Après la mort de Staline, un touriste qui se promène à Kiev s'aperçoit que la statue du petit père des peuples est gardée nuit et jour. Un matin, il se décide à en demander la raison au chef des gardes : mais pourquoi garder une statue?
- C'est, - répond le chef, - qu'on pourrait lui manquer de respect.
- Diable, - s'écrie le touriste, - mais qui pourrait manquer de respect à la statue du regretté camarade Staline?

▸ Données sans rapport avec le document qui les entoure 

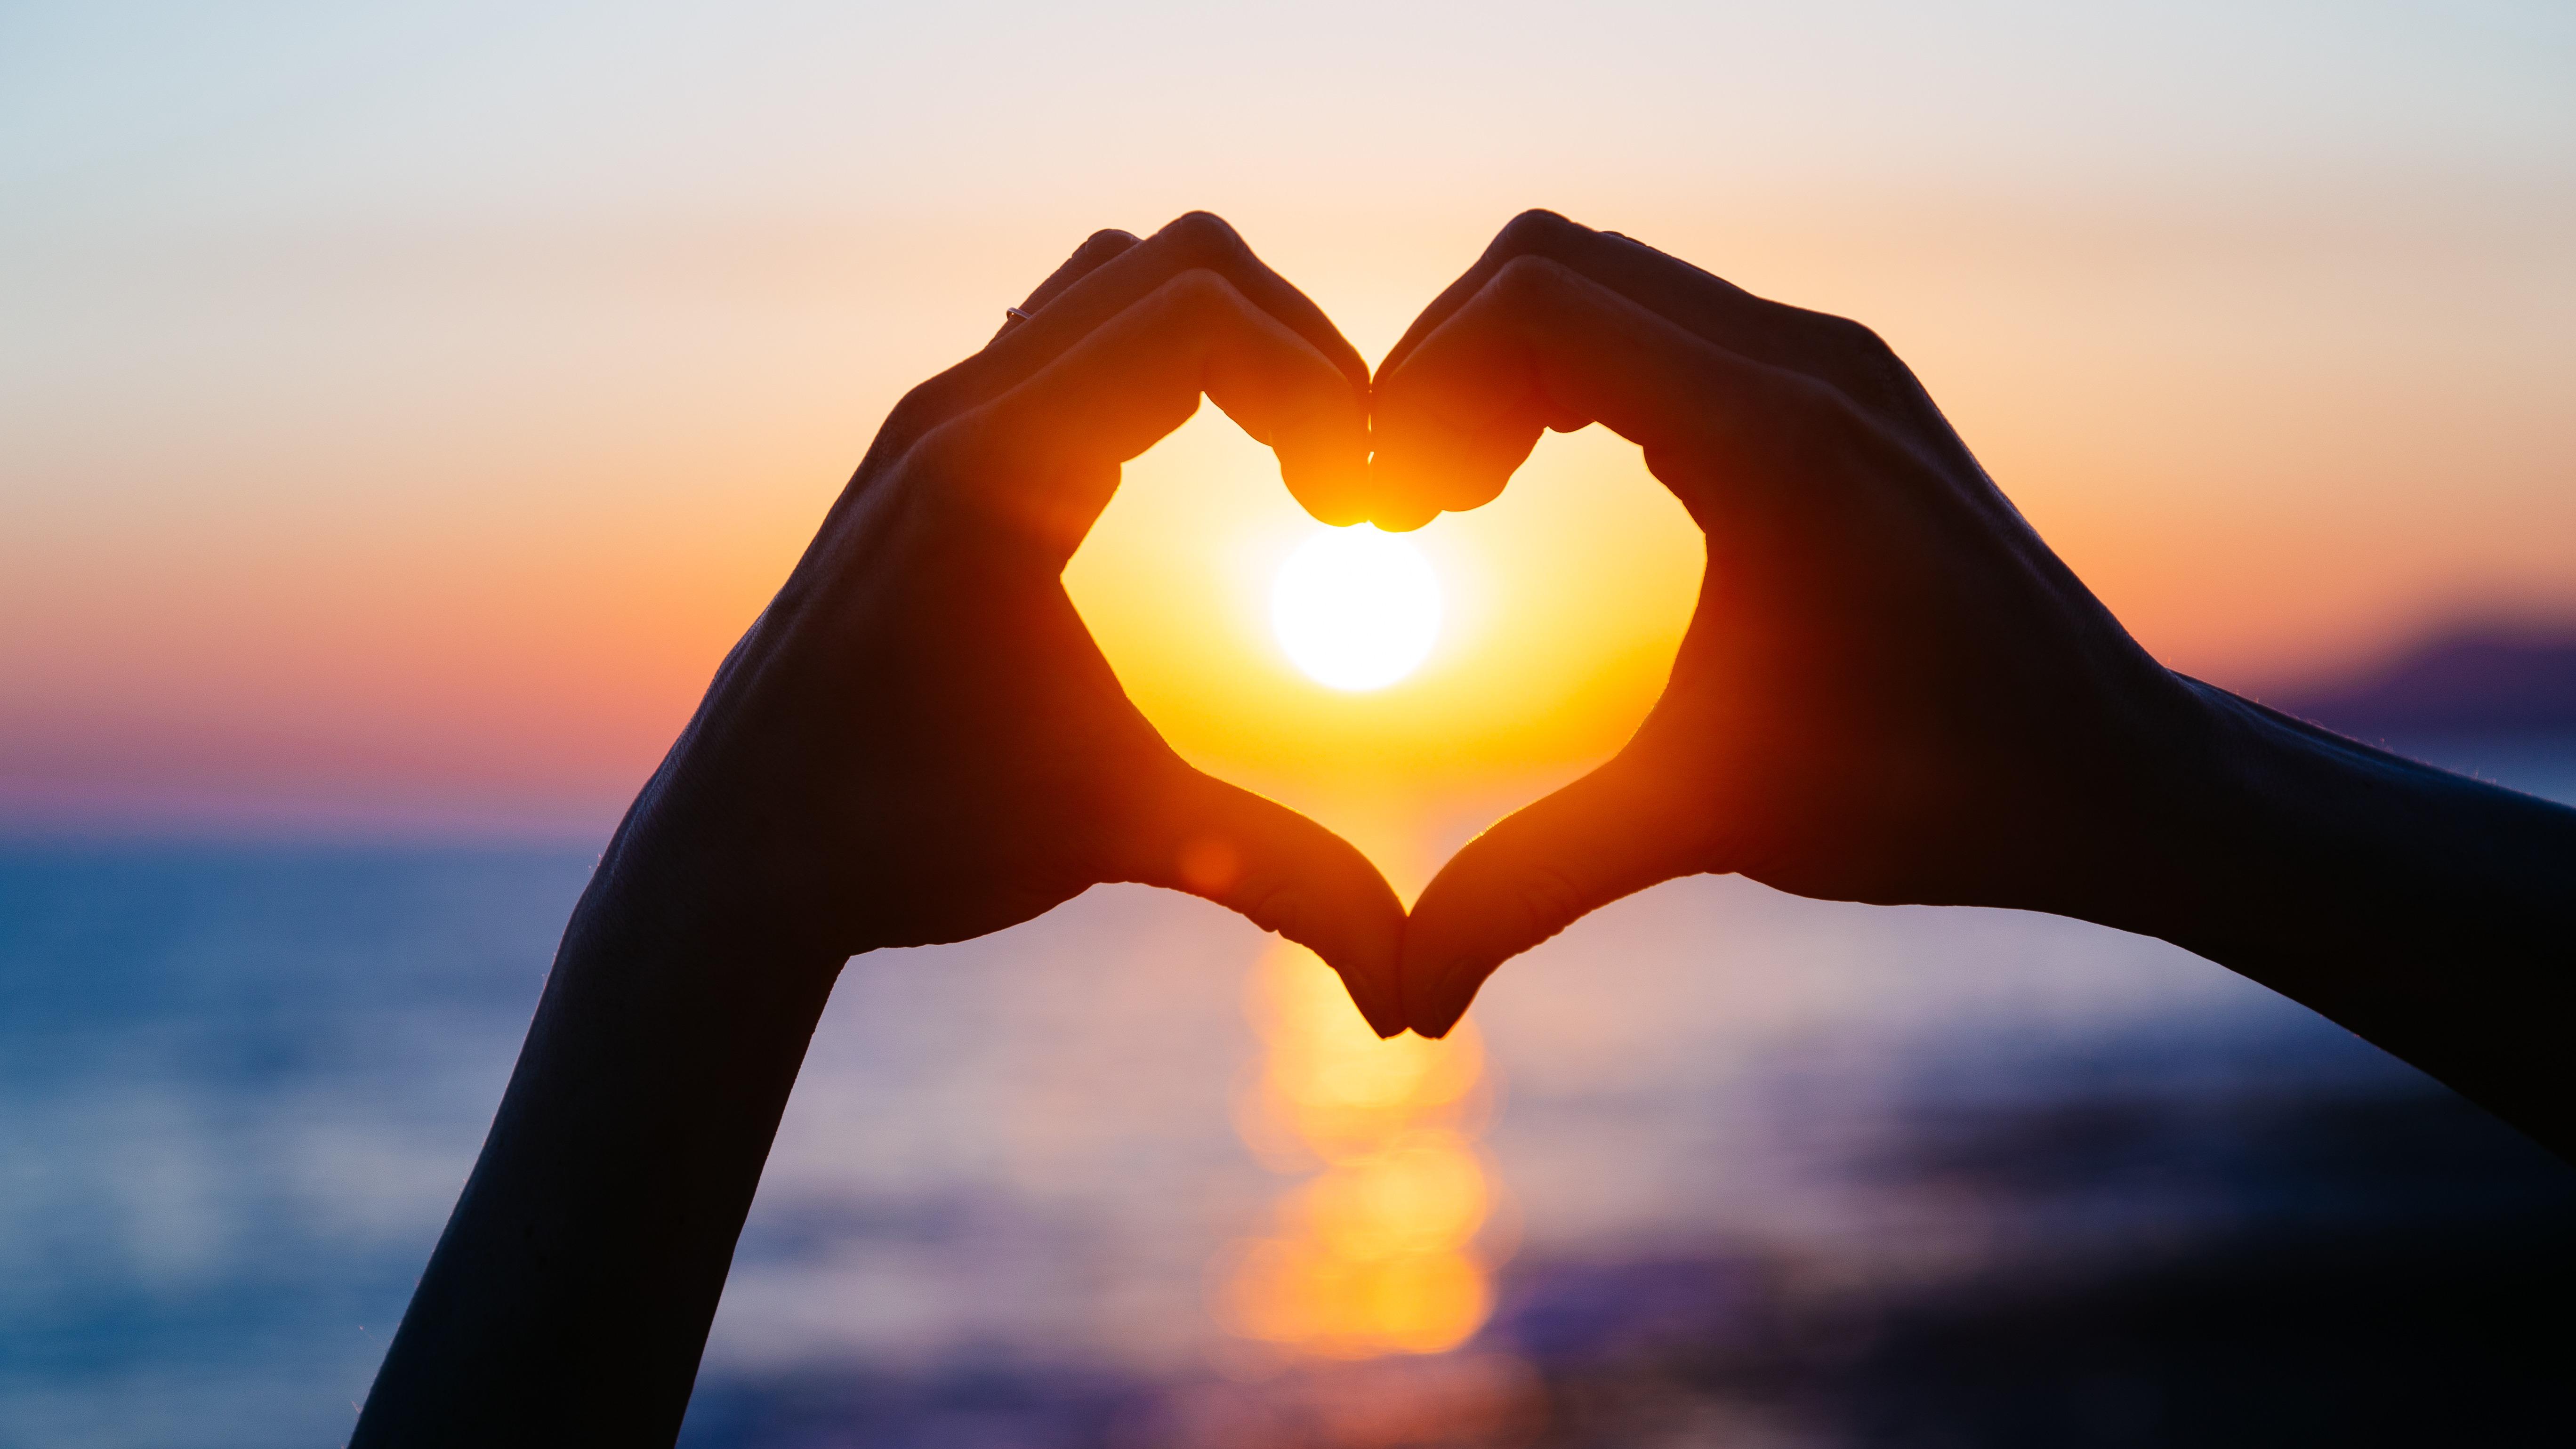 David Lira, neurólogo del Instituto Peruano de Neurociencias, explica que el amor es un proceso biológico que se inicia con una atracción física y tiene su raíz fisiológica en el hipotálamo.

Et le soldat, faisant de la main un vaste mouvement circulaire englobant tous ses compagnons, répondit :
- Nous, si nous n'étions pas de service.


     Brejnev visite incognito une usine. A la fin de sa visite il s'approche d'un ouvrier et lui demande :
- Que penses-tu de Brejnev ?
     L'ouvrier se redresse brusquement, jette autour de lui des regards anxieux et lui murmure à l'oreille :
- Je ne peux pas te répondre ici. Attends-moi à la sortie du travail et à ce moment-là je te dirai ce que je pense du camarade Brejnev.
     Intrigué, il décide de jouer le jeu. Il retrouve donc l'ouvrier à la sortie de l'usine et celui-ci l'entraîne aussitôt loin des autres ouvriers. Là, Brejnev repose sa question, mais l'homme ne lui répond que par des grands gestes l'invitant au silence, puis, saisissant le camarade président par le bout de la manche, il lui fait emprunter un dédale de petites rues, rasant les murs avec des airs de conspirateurs. Et ils marchent tellement qu'ils arrivent aux limites de la ville. Loin de s'arrêter, l'ouvrier plonge dans les bois remorquant un Brejnev de plus en plus étonné. Enfin, arrivé dans une clairière au coeur de la forêt, le travailleur s'arrête et, après un ultime coup d'oeil méfiant, se penche sur Brejnev et lui dit à l'oreille :
- Tu sais, et bien, moi, Brejnev, je l'aime bien.


À Moscou, la propriétaire fait visiter sa chambre à un nouveau locataire. Après lui en avoir vanté les mérites, elle se retire en disant :
- Surtout si vous avez besoin de quelque chose, n'hésitez pas. Vous venez me voir, et je vous explique comment vous en passer.